# Assembler schon ausgestorben oder noch wichtig?



## Knogle (22. Juni 2015)

Moin.

Beschaeftige mich schon seit einigen Jahren sehr mit x86-32 Assembler und bin sehr fasziniert davon.
Viele Anwendungen und andere Dinge lassen sich mit wenig Code und entsprechend kleinem Speicherbedarf realisieren und dabei wahrscheinlich ziemlich effizient. (In meinem Fall ein kleines Programm mit etwa 44KB)

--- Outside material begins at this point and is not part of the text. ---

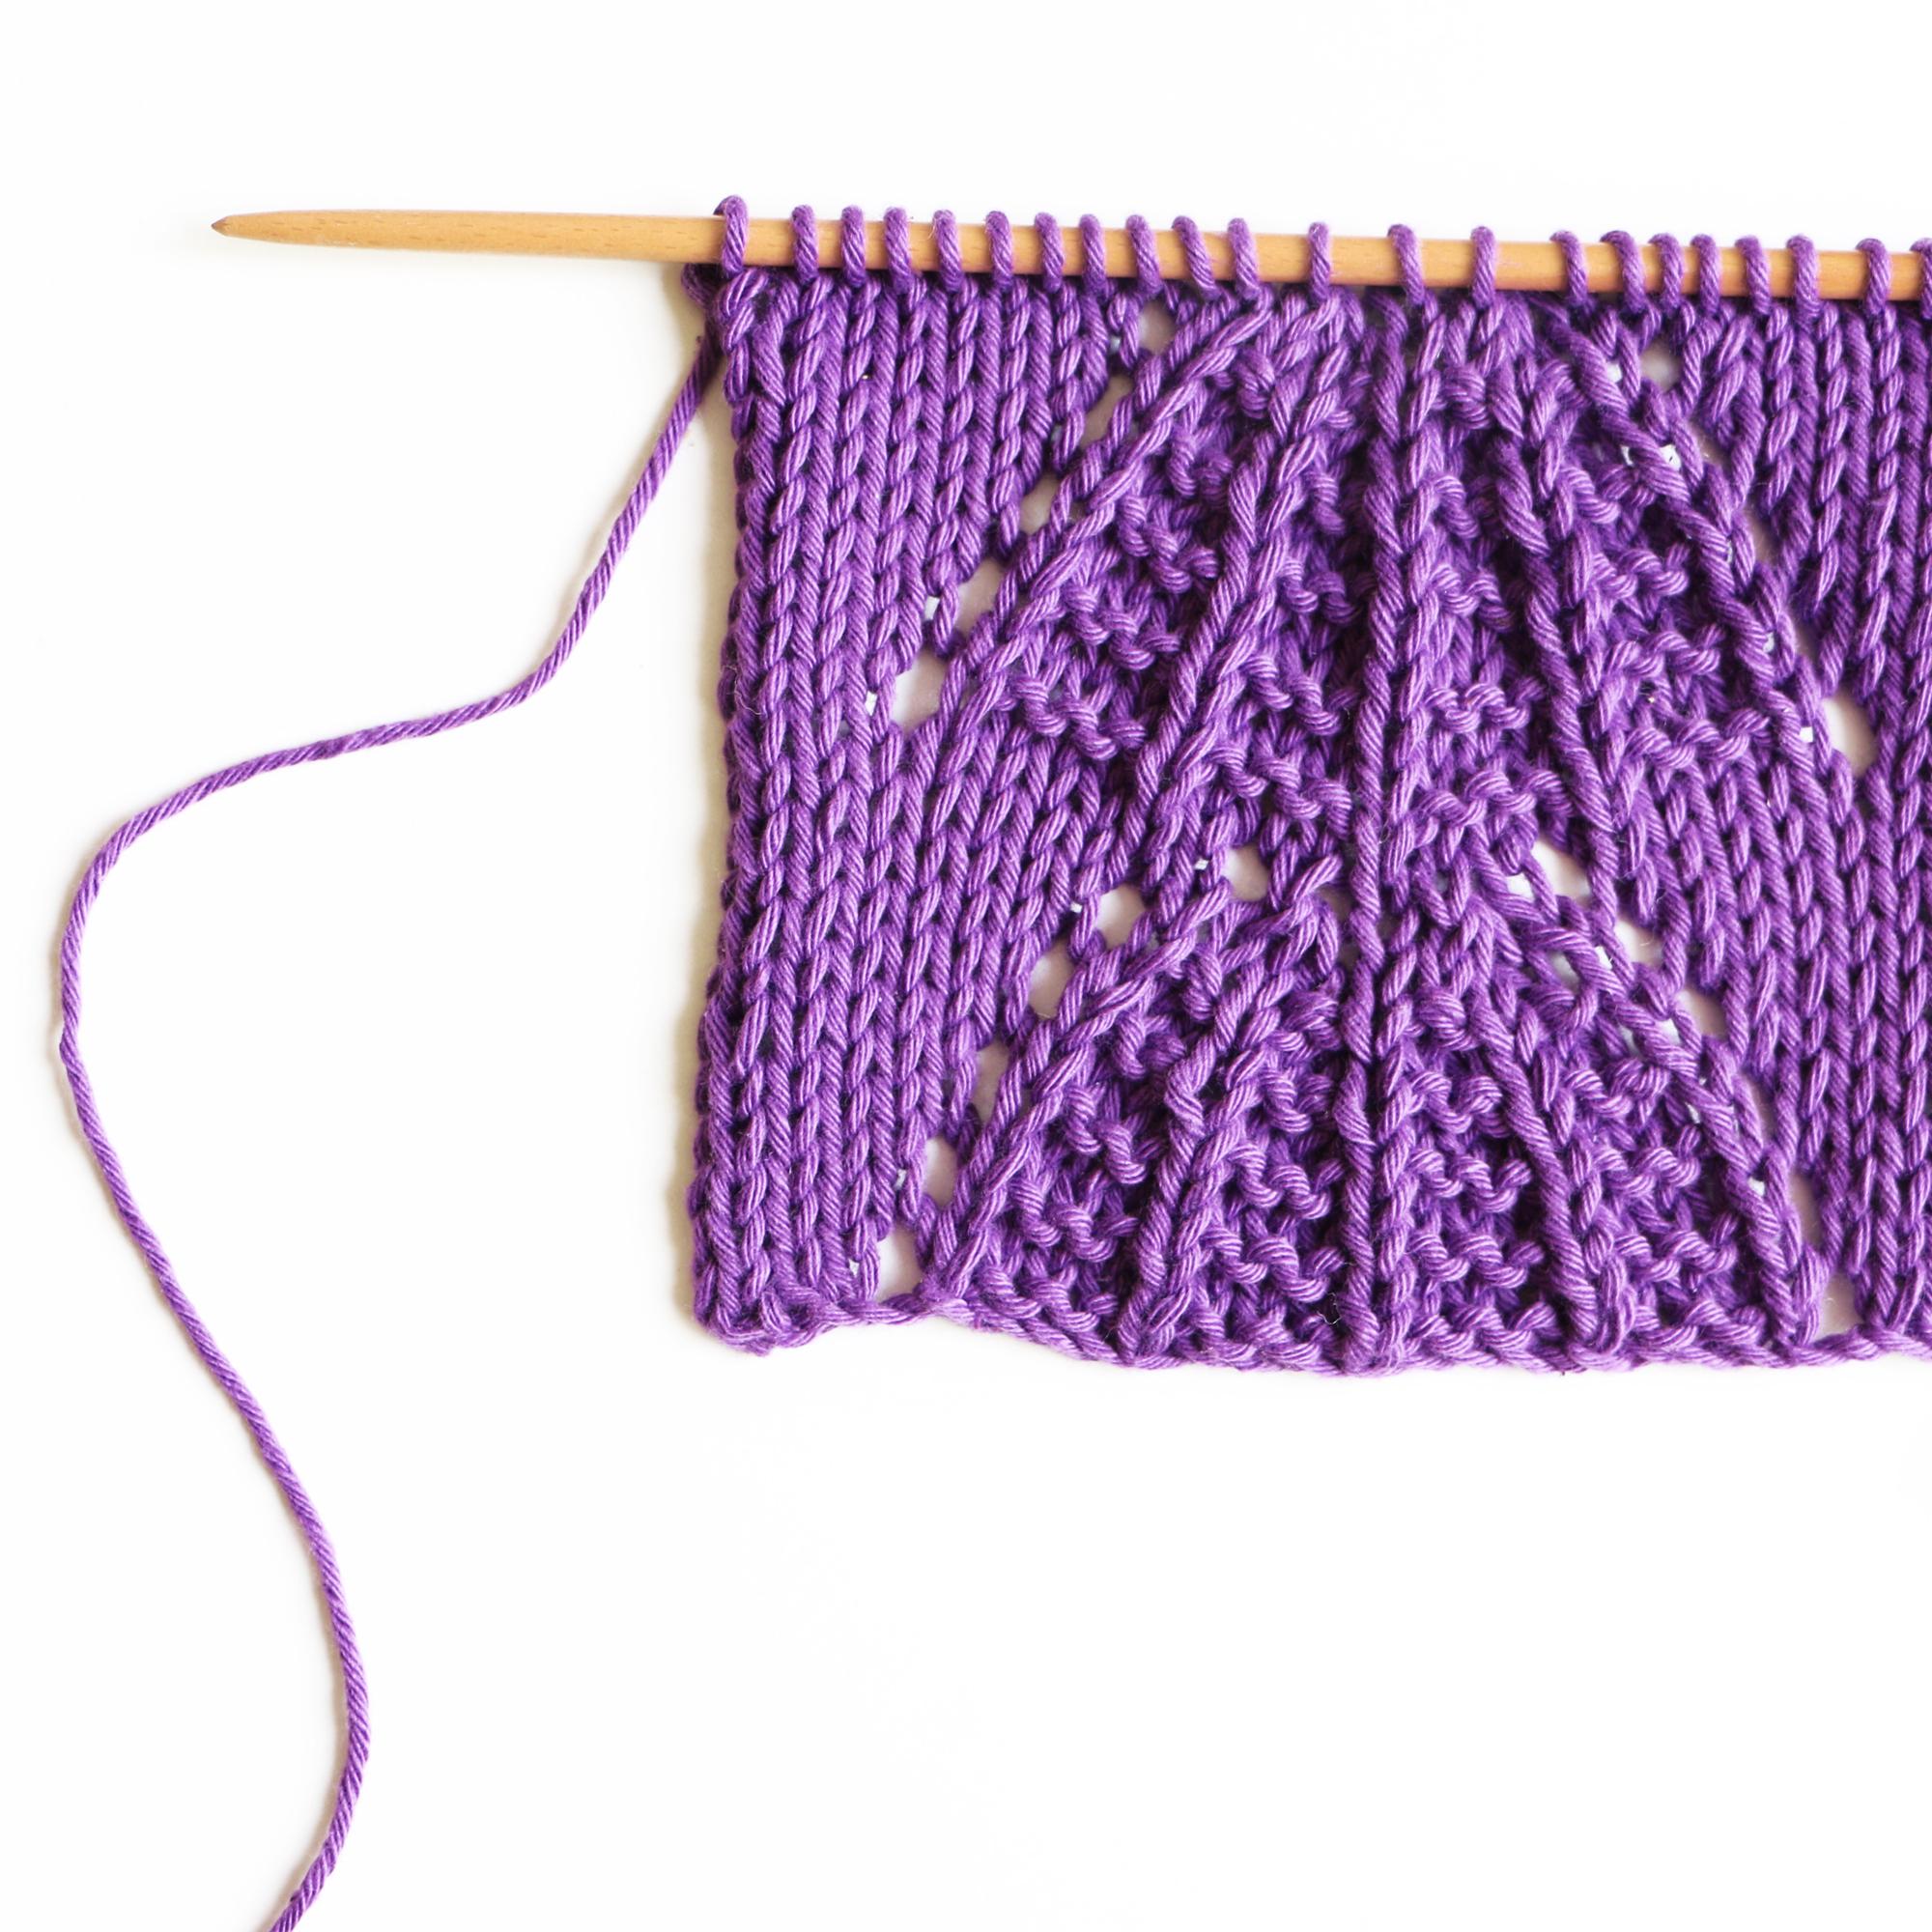 parasol-stitch.jpg

Das ganze in Hochsprachen ausgedrueckt (In meinem Fall mit C++ versucht) ergibt eine Anwendung mit ueber 1MB Groesse (Tut jedoch letzendlich das gleiche)
(Werde ich nachher anhaengen)

Sowas duerfte ja auch besonders wichtig fuer z.B. wissenschaftliche Berechnungen sein, bei welchen man versucht moeglichst effizient Ergebnisse hervorzubringen.

Nun meine Frage:

Warum wird Assembler inzwischen so verteufelt? Es scheint ziemlich kompakt zu sein, und meiner Meinung nach eine sehr gute Moeglichkeit um hochoptimierten Code zu schreiben.
Eventuell ist Assembler komplex in der Wartung?

MS-DOS ist ja auch zu nem grossen Teil in Assembler geschrieben, und ist auch sehr kompakt mit ein paar MB Groesse fuer ein ganzes OS.

Hatte ebenfalls mal das BIOS meines P4 PCs aus 2001 untersucht, und dieses war nur 64kb Gross.
Zum Vergleich: Das BIOS meines 1366er Systems (kein UEFI) war schon 16MB Gross, obwohl die Funktion ja mehr oder weniger die selbe ist.


Waere es so nicht eigentlich moeglich massiv Ressourcen einzusparen, und so auch Programmie viel effizienter zu gestalten?

MfG


----------



## Incredible Alk (22. Juni 2015)

Knogle schrieb:


> Warum wird Assembler inzwischen so verteufelt?



Weil es ein sehr viel größeres Maß an Können voraussetzt als die meisten Hochsprachen und es bei sehr komplexen Aufgaben extrem schwierig wird das direkt in Assembler zu schreiben.




Knogle schrieb:


> Waere es so nicht eigentlich moeglich massiv Ressourcen einzusparen, und so auch Programmie viel effizienter zu gestalten?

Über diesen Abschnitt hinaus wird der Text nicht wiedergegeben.